Nov. 8th, 2007

owlmoose: (Default)
Since high school, one of my greatest pleasures has been kicking back in a coffee shop with a book and a cuppa. It's the easiest way for me to concentrate on readings for a class, for some reason -- the distractions of the semi-public place are easier for me to handle than the distractions of home. So why it took me so long to figure out that a laptop and some wireless would be just as compelling, I have no idea.

This particular Panera is one of the best places I've found. The coffee is good and the refills are free, the breakfast pastries are tasty (I am addicted to the four-cheese souffle, and the cinnamon crunch bagels), and the people watching is excellent, too -- picture windows all around, and it faces a busy intersection with three train stops.

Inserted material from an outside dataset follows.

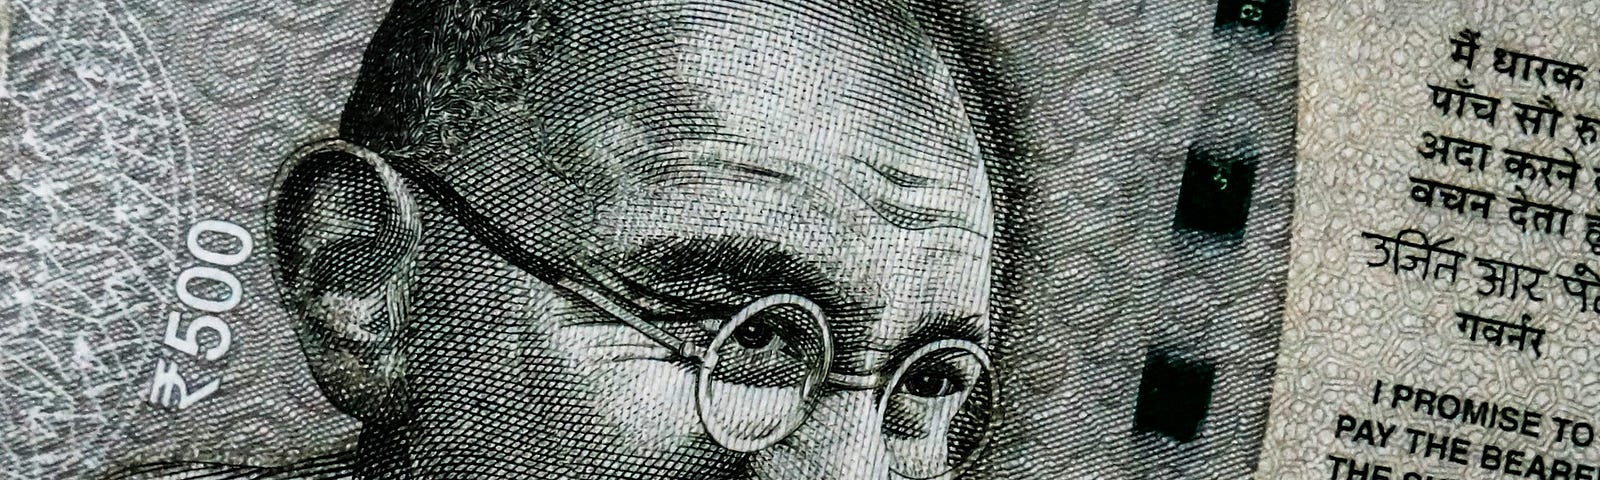 Mahatma Gandhi on Indian currency.

So people and trains and cars are always flowing by. As long as I don't sit too close to the door (as I have today, unfortunately), I could hang out here for hours.

I haven't yet had much success with serious writing here, though. Whenever I come here, I end up surfing and/or writing on LJ. Then again, I haven't really tried to buckle down and work on fic in public much; if I'm in the right mood I bet it works really well. A holiday is coming up; maybe that would be a good time to check it out.
owlmoose: (Default)
I've gotten out of the habit of reading hard sci-fi. I read a lot of it in high school and college (as much as I read a lot of anything in college) because my dad and then my friends were fans of the genre, and although I enjoy reading it, I'm really more of a fantasy girl. But then, a few weeks ago R was talking about this book as though it were something that he assumed that I'd read, and when I admitted I hadn't, he recommended it highly. I bought a copy, and then I gave it to T because I was reading something else and he was complaining about not having anything to read. Then he finished it, and I decided to take advantage of the opportunity to read something he'd read recently and picked it up.

I liked it, quite a lot, and would easily recommend it to science fiction fans, a little more cautiously to eveyone else. Vinge throws you into the story without a whole lot of preamble or even exposition -- the reader is left to figure out the universe's technology and backstory on their own, which I found an intriguing exercise for the most part but occasionally it was a little frustrating; there are things about the science that I still don't understand. But it's a compelling story, both on the "universe in peril" level and on the "what will happen to these characters I've come to know and love?" level. It's a thoughtful look at what an interstellar society might look like several hundred thousand years from now, and it presents one of the most fascinating alien races that I've ever encountered in science fiction; I hesitate to say too much, because figuring out what was up with them was an excellent "A-ha!" moment, but if anyone else has read it and would like to discuss in comments, I'm more than game.